If the target population contains many patients who barely resemble anyone in the source study, the transported estimate becomes unstable or meaningless. No amount of weighting rescues a target that lives outside the support of the source data.

Hard truth:

If your source data barely contain older frail patients, patients with severe multimorbidity, or patients from low-resource settings, then you do not “know enough” to transport effects there. You have a gap, not a generalization.

A Trial-to-Target Example

Suppose an RCT of intensive blood pressure control enrolled highly selected participants with excellent medication adherence and frequent lab monitoring. You want to apply the result to a broader hospital network population.

Start by asking whether key effect modifiers and transport variables are available in both datasets, for example age, chronic kidney disease, diabetes burden, frailty proxies, baseline blood pressure, and healthcare access. Then ask whether the intervention is really the same. If “intensive control” in the trial meant monthly visits and aggressive titration, but in routine care it means a note in the chart and wishful thinking, you are already drifting off question.

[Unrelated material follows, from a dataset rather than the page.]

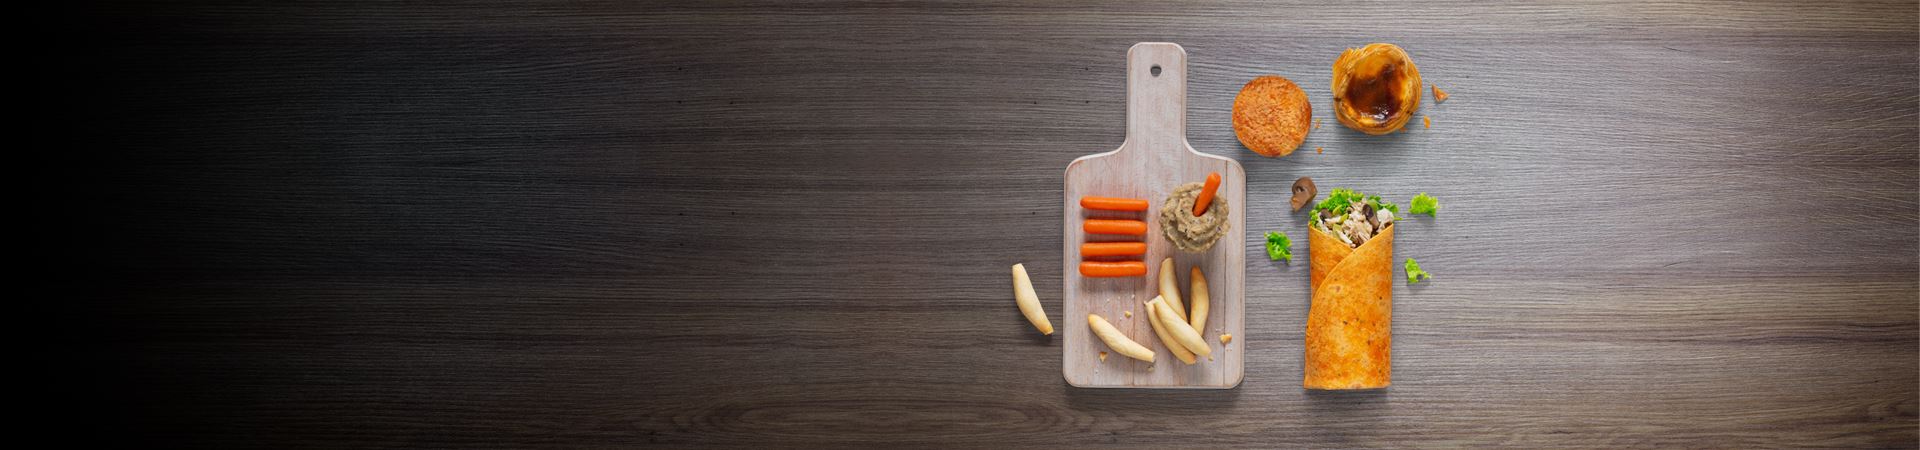 Zdjęcie drewnianego stołu z 4 elementami: tacą z marchewkami, paluszkami chlebowymi i miską z sosem; wrap z kurczakiem, pieczarkami i sałatą; pasztecik z fasolą oraz tartę z kremem.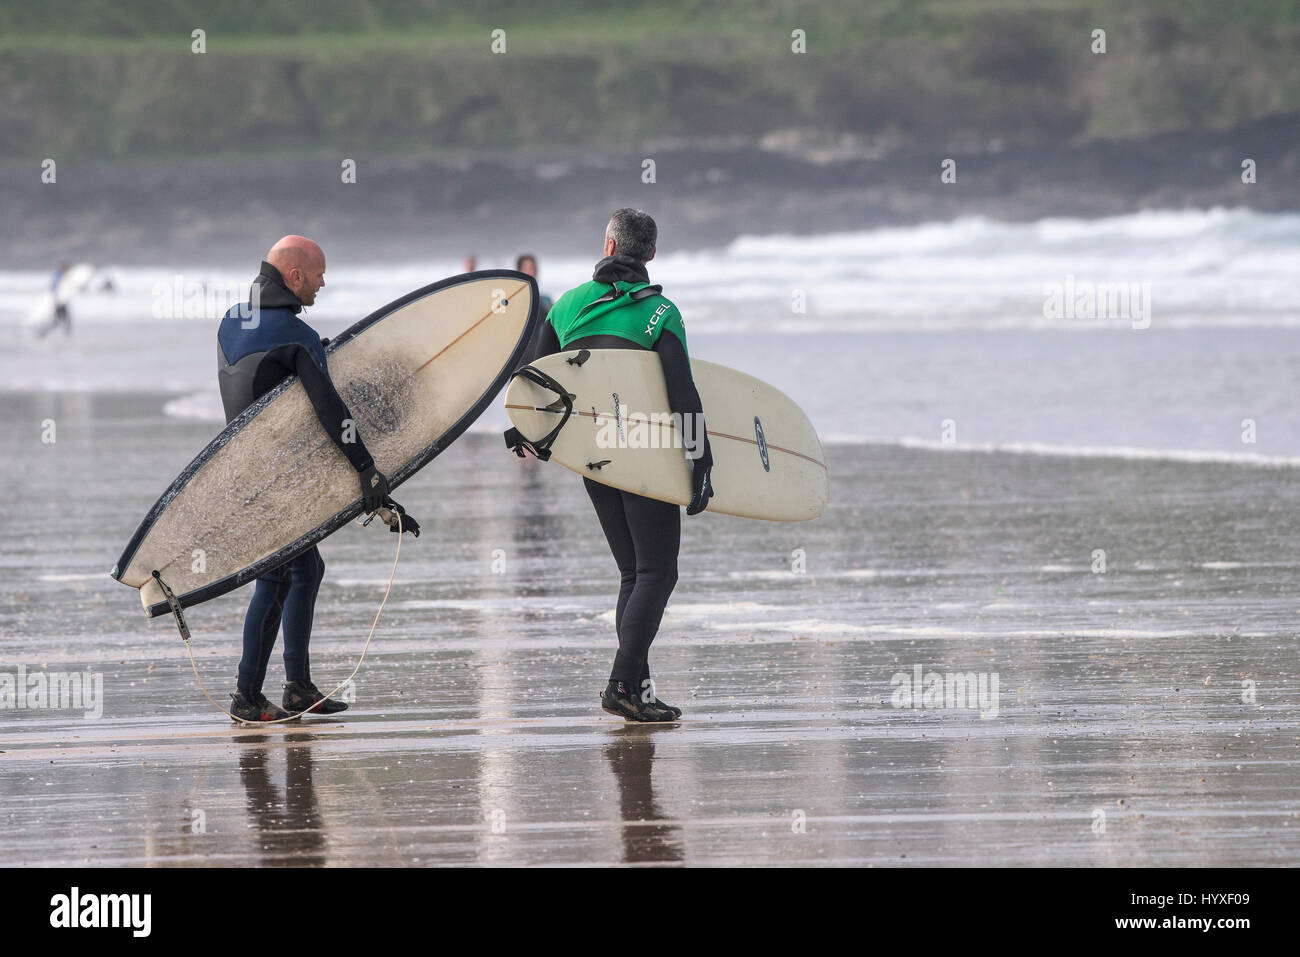 Dos surfistas llevar tablas de surf surf UK Cornwall caminando sobre náutica de recreo en el estilo de vida de actividad de ocio amigos Foto de stock

Reweighting the trial sample toward the hospital-network covariate distribution may help, but only after you are honest about treatment delivery and overlap. Otherwise you are transporting an idealized protocol into a different world and pretending the estimate is portable.

Common Mistakes

❌ Confusing representativeness with transportability

A representative sample is helpful, but causal transport still depends on measured effect modifiers and comparable treatment meaning.

❌ Treating p-values the same across populations

A significant effect in the source does not imply a similar effect size in the target. Statistical significance is not a passport.

❌ Ignoring treatment delivery differences

You cannot transport a tightly controlled trial protocol to chaotic routine care without checking whether the intervention still exists in recognizable form.

❌ Hiding overlap failure

Extreme transport weights are not a minor technical issue. They are evidence that your target is asking the source data to answer a question it cannot support.

What Reviewers Should Ask

What exactly is the target population?
Why should the source effect equal the target effect after conditioning on the measured variables?
Were the transport variables measured in both source and target datasets?
Was overlap checked and reported?
Does the intervention mean the same thing in both settings?
Were sensitivity analyses done around transport assumptions?

If the paper never defines the target population precisely, the external-validity claim is already mush. If it never discusses effect modification or overlap, it is usually worse than mush. It is marketing.

What to Say Instead of “Generalizable”

Most papers should retire that lazy adjective and say something specific instead:

“The estimate is internally valid for the enrolled population.”
“Transport to routine care may be limited by lower adherence and different baseline risk.”
“We reweighted the trial to a target registry population using prespecified covariates.”
“External validity remains uncertain because key effect modifiers were unavailable.”

That language is less sexy and far more honest.

Bottom Line

External validity is not a free bonus that appears after internal validity. It is a second causal problem with its own assumptions, data requirements, and failure modes. If you want an estimate to travel, prove that the road exists.

If not, say the uncomfortable thing plainly: the study may be credible for the people observed, but we do not yet know whether that effect survives contact with the population we actually care about. That is not weakness. That is methodological adulthood.